General characteristics
- Class & type: Yarrow-type River-class destroyer
- Displacement: 590 long tons (599 t) standard; 660 long tons (671 t) full load;
- Length: 231 ft 4 in (70.51 m) o/a
- Beam: 23 ft 6 in (7.16 m)
- Draught: 7 ft 2.5 in (2.197 m)
- Installed power: 7,000 shp (5,200 kW) (average)
- Propulsion: 4 × Yarrow-type water tube boilers; 2 × vertical triple-expansion steam engines; 2 shafts;
- Speed: 25.5 kn (47.2 km/h)
- Range: 130 tons coal; 1,620 nmi (3,000 km) at 11 kn (20 km/h);
- Complement: 70 officers and men
- Armament: 1 × QF 12-pounder 12 cwt Mark I, mounting P Mark I; 3 × QF 12-pounder 8 cwt, mounting G Mark I (added in 1906); 5 × QF 6-pdr gun (removed in 1906); 2 × single tubes for 18-inch (450 mm) torpedoes;

Service record
- Part of: East Coast Destroyer Flotilla - 1905; China Station - 1910; Assigned E Class - Aug 1912 - Oct 1913; 5th Destroyer Flotilla - December 1914;
- Operations: World War I 1914 - 1918

= HMS Welland =

Destroyer of the Royal Navy

HMS Welland was a Yarrow-built River-class destroyer ordered by the Royal Navy under the 1902 – 1903 Naval Estimates. Named after the River Welland that drains into the Wash on the English east coast, she was the first ship to carry this name in the Royal Navy.

==Construction==
She was laid down on 1 October 1902 at the Yarrow shipyard at Poplar and launched on 14 April 1904. She was completed in July 1904. Her original armament was to be the same as the "turtleback" torpedo boat destroyers that preceded her. In 1906 the Admiralty decided to upgrade the armament by removing five 6-pounder guns and adding three 12-pounder 8 cwt guns. Two would be mounted abeam at the forecastle break and the third gun would be mounted on the quarterdeck.

==Service==
After commissioning she was assigned to the East Coast Destroyer Flotilla of the 1st Fleet and based at Harwich. On 27 April 1908 the Eastern Flotilla departed Harwich for live fire and night manoeuvres. During these exercises HMS Attentive rammed and sank HMS Gala then damaged HMS Ribble.

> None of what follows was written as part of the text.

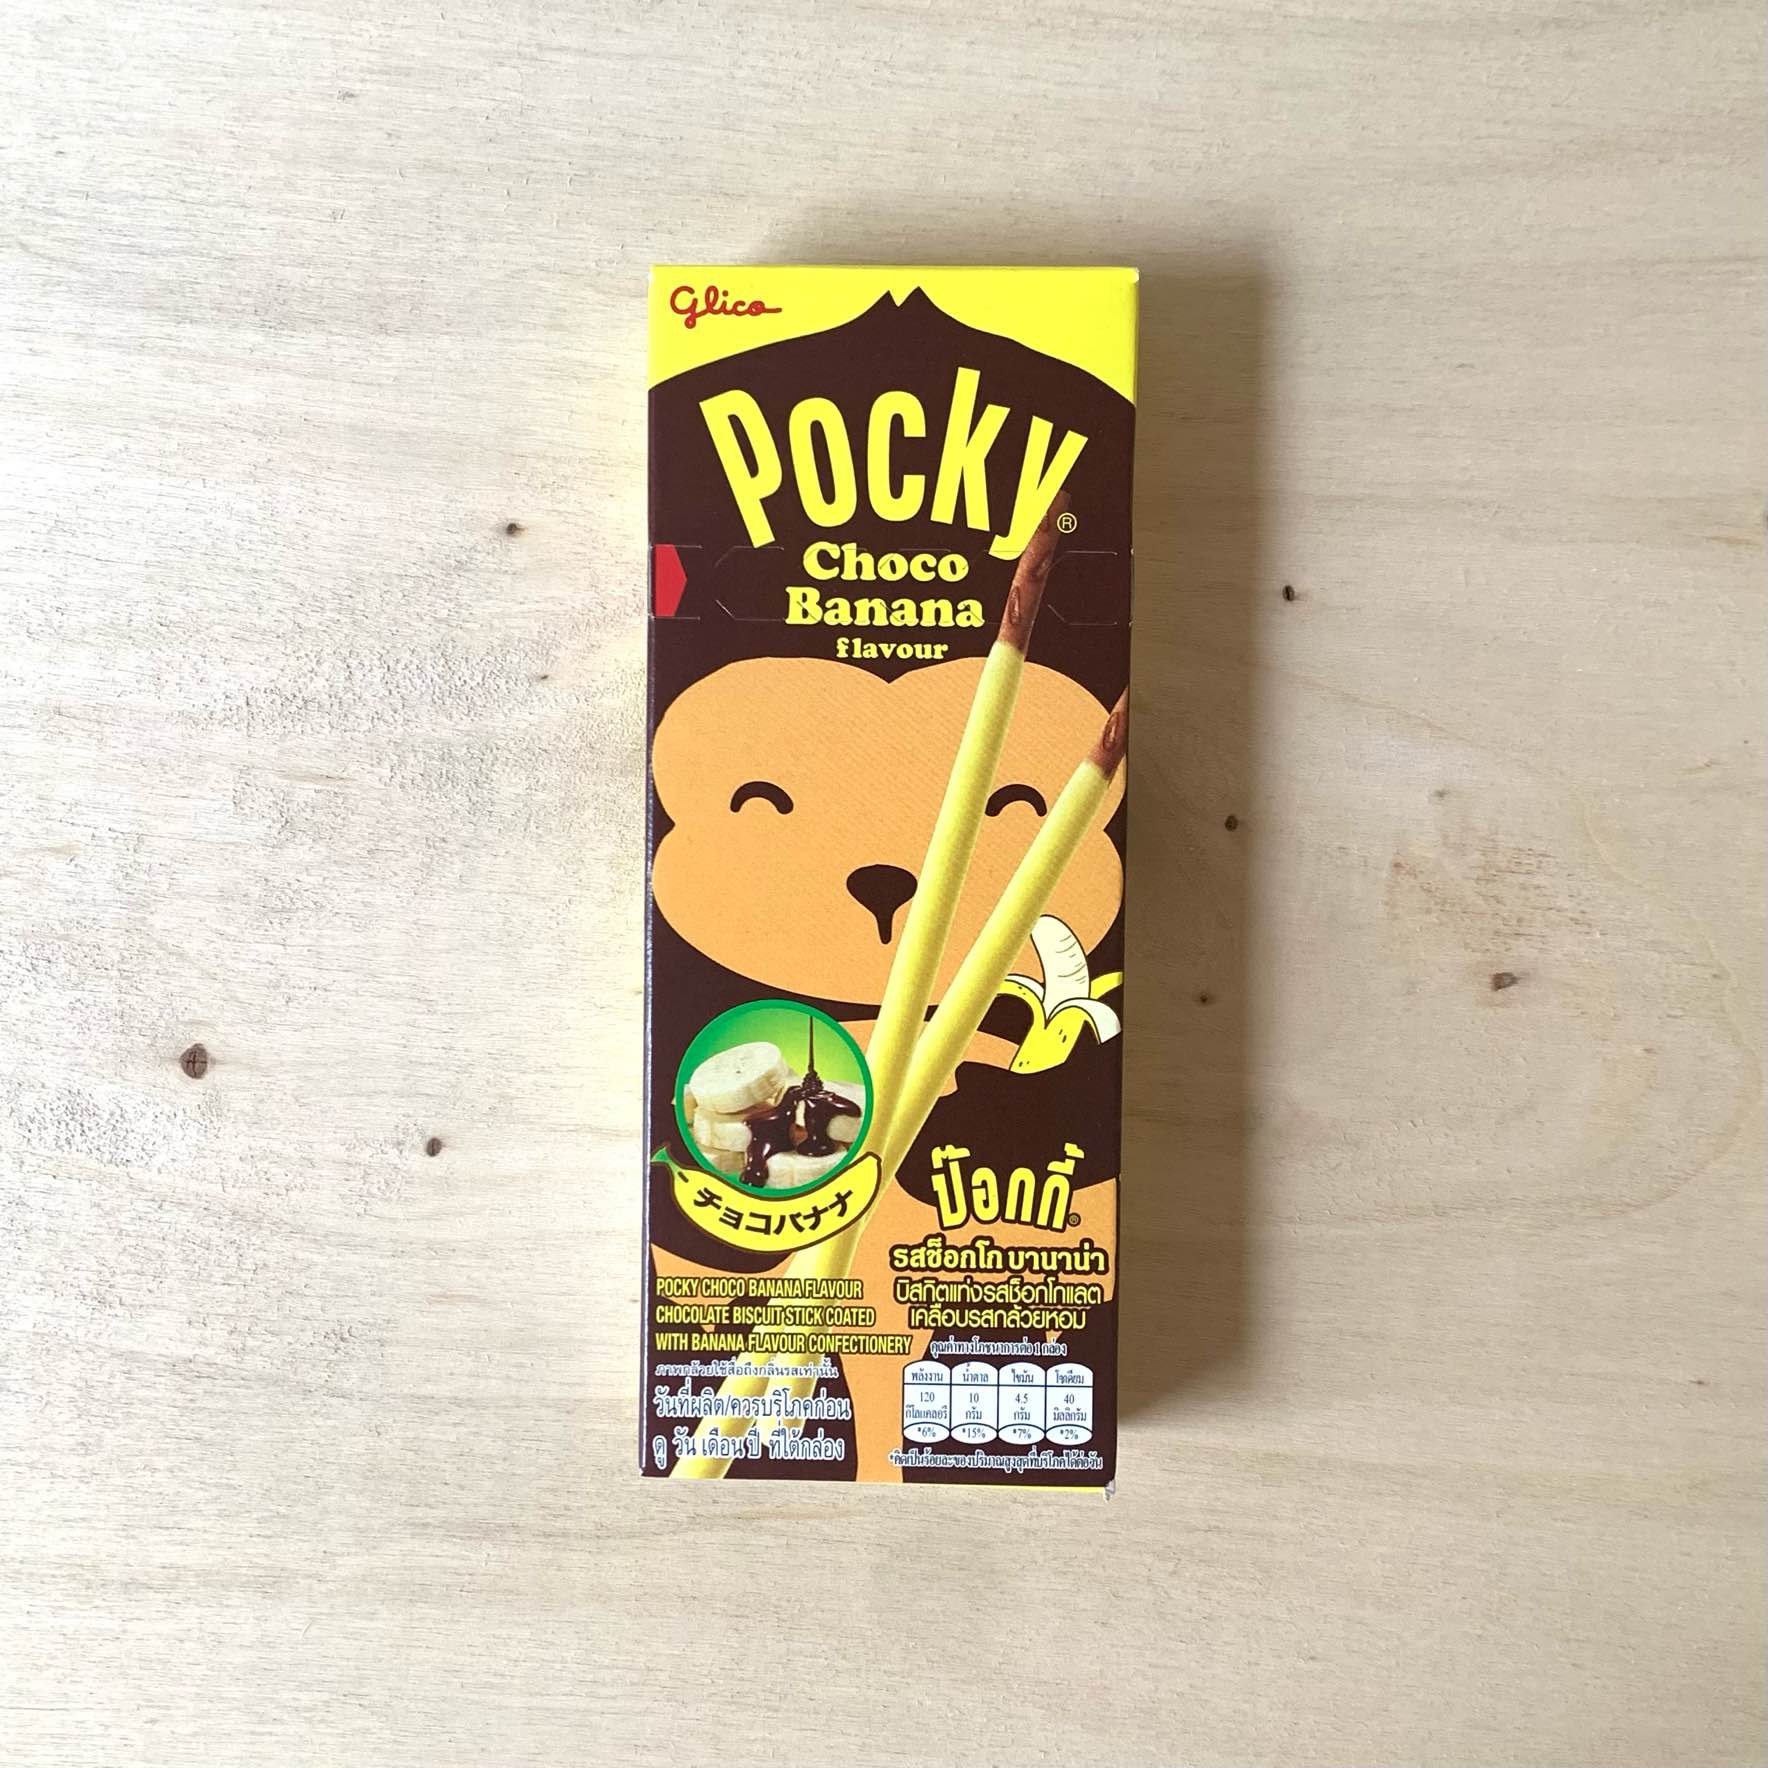 Pocky Chocolate Banana Flavor Biscuit Stick 25g - Glico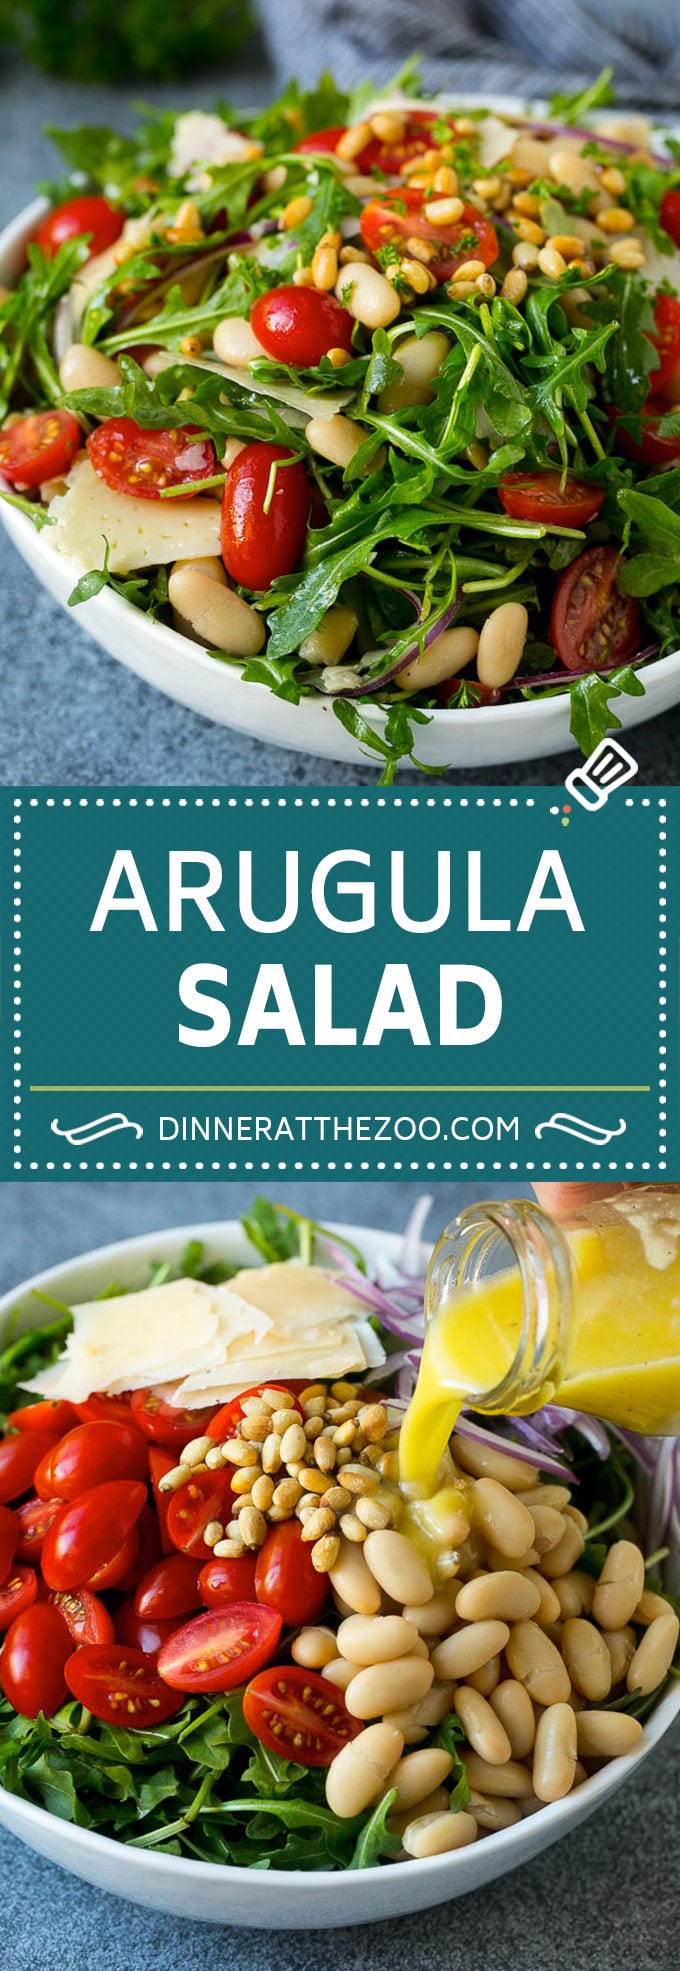 Arugula Salad Recipe | Green Salad | White Bean Salad #salad #arugula #cleaneating #lowcarb #keto #dinneratthezoo

In 1909/1910 she was assigned to China Station.

On 30 August 1912 the Admiralty directed that all destroyer classes were to be designated by letters. The ships of the River class were assigned to the E class and after 30 September 1913, she was known as an E-class destroyer and had the letter ‘E’ painted on the hull below the bridge area and on either the fore or aft funnel.

In July 1914 she was on the China Station based at Hong Kong tendered to HMS Triumph. She deployed with China Squadron to Qingdao to blockade the German base. After Japan entered the war on the side of the Entente Powers she returned to Hong Kong. With the fall of Qingdao and the sinking of the SMS Emden, she was redeployed to the 5th Destroyer Flotilla in the British Mediterranean Fleet in November 1914 accompanying Triumph, to support the Dardanelles Campaign.

On 25 April 1915 she was assigned to the 7th Squadron assigned to the Smyrna blockade.
5 July 1915 found her on the Smyrna Patrol enforcing the blockade of the Turkish Coast from Cape Kaba to Latitude 38^{o}30’E, 200 nautical miles including Smyrna. At this time she was based at Port Iero on the island of Lesbos.

During March 1917 she provided escort for ships between Malta and Souda. During April 1917 she was in dry dock at Malta for a refit. Following this in May 1917 she was based at Mudros to patrol the Dardanelles. She remained in the Mediterranean until the end of the war.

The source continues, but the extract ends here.